Differences in formula scores across timing conditions were 
evaluated with analysis of variances (ANOVAs). In addition 
to timing condition, independent variables included gender, 
race/ethnicity (African American, Asian American, Hispanic, 
white, and other), and ability as estimated from the comparable 
P/N test. Three levels of ability were defined for each of the 
three scores on the P/N. The levels were defined such that half 
of the students would be in the middle group, with a quarter in 
each of the two extreme groups. Score ranges in each level were 
as follows: Level 1 = 20-42; Level 2 = 43-56; Level 3 = 57-80. 
(Identical ranges were used for all three P/N scores.) Sample 
sizes by subgroup for NR1 are summarized in Table 2. By 
design, sample sizes for the other three test sections are similar. 


Results and Discussion 

New Reading (NR1) Results 

Extra time provided absolutely no advantage on the 24-item 
New Reading section (NR1).

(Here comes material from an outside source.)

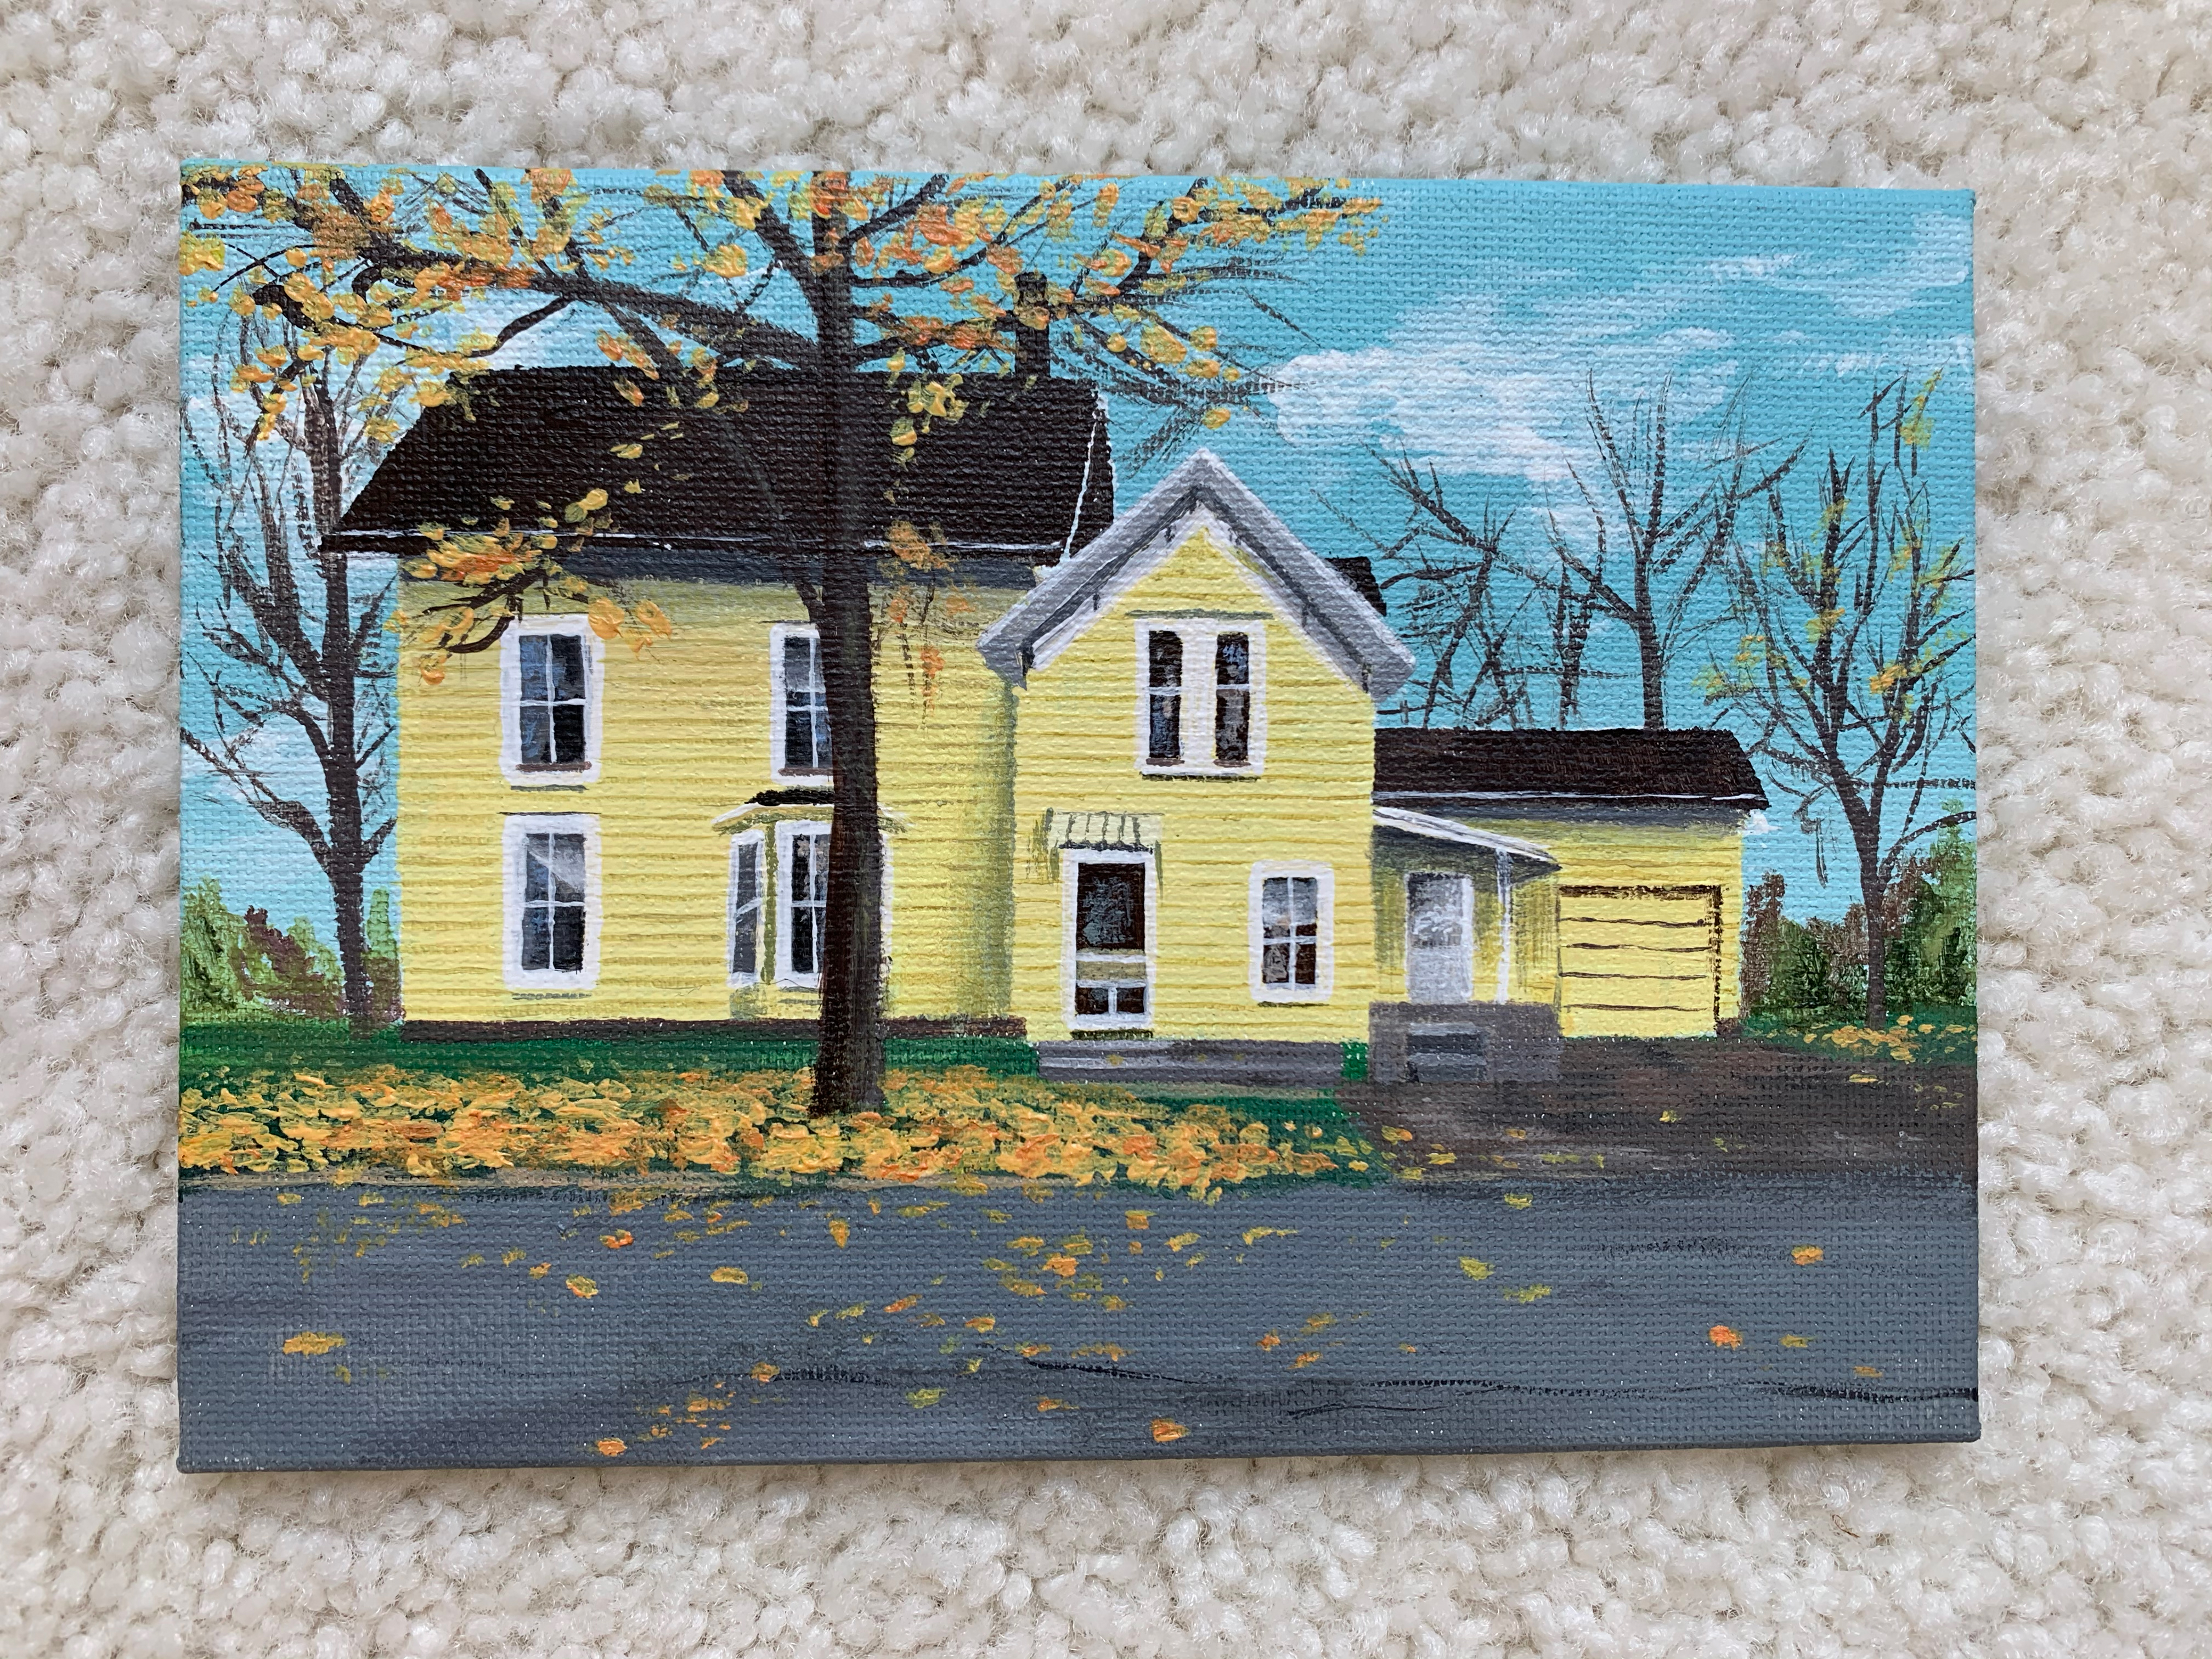 Barb's house tiny painting.

Indeed, the mean formula score 
was actually slightly higher in the standard-time group than 
in the extended-time group (see Table 3). Differences (or more 
accurately, nondifferences) were comparable across gender and 
racial/ethnic groups, and the ANOVA indicated no significant 
interactions of gender or race/ethnicity with the timing condi- 


1 P/N scores were available for about 85 percent of the examinees tested. Less 
than 10 percent of these had taken the P/N in 2001; the remainder were tested 
in October of 2002.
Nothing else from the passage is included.